今回は株式会社ロッテの森谷氏とデジタルマーケティングを支援した株式会社サイバーエージェントの小磯氏にお話を伺いました。

キシリトールガムの販売理由は受容性の高さ

ferret_lotte_1.jpg株式会社ロッテ グローバル本部グローバル戦略部マーケティング戦略担当
森谷 祐一
2008年(株)ロッテに入社。国内営業を担当後、2011年にタイロッテに出向し、現地でエリアマネージャーとして営業に従事。2015年から現職。グローバル本部にてベトナム事業の戦略立案並びに商品開発から広告宣伝に至るまで多岐に渡るマーケティング業務に従事している。

ferret:ベトナムでキシリトールガムの展開を始められたのはいつ頃なのでしょうか。

森谷氏:キシリトールガムは2006年から現地で販売を開始させていただいております。ロッテがベトナムに進出したのは1996年で、当時は現地の方の所得がまだまだ低かったので、比較的価格を抑えた板ガムや1枚単位のガムを販売していました。

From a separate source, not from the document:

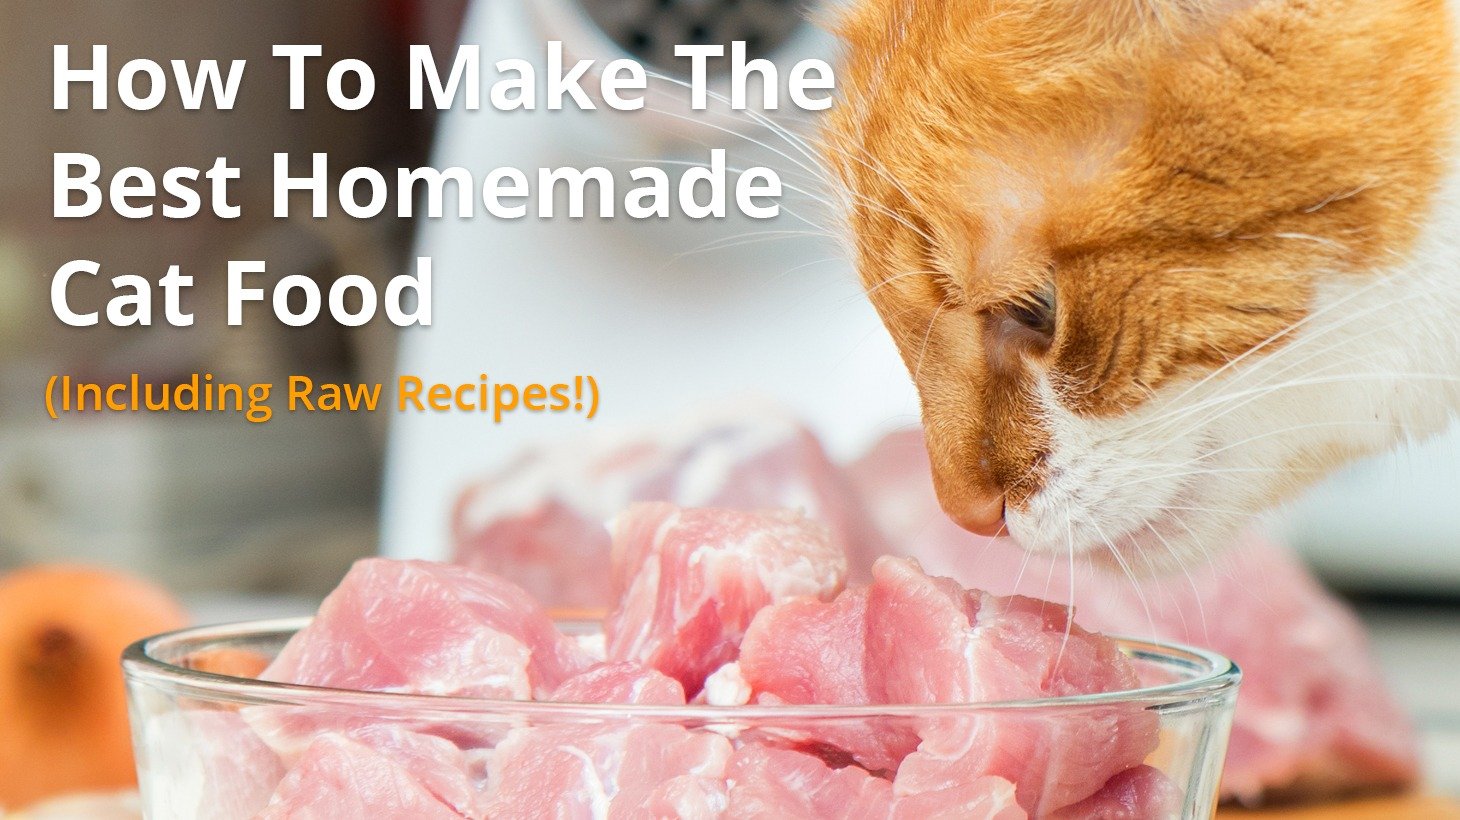 Homemade Cat Food and Raw Diet Recipes

ロッテベトナムが創業から約10年経ったところで、次のステップに移行しようとしたとき、ロッテ製品の受容性のユーザー調査をしました。当時のベトナムで一番受容性が高いのがキシリトールガムということが分かり、展開することになりました

ferret:ベトナムでキシリトールガムの受容性が高かったのはどのような背景なのでしょうか?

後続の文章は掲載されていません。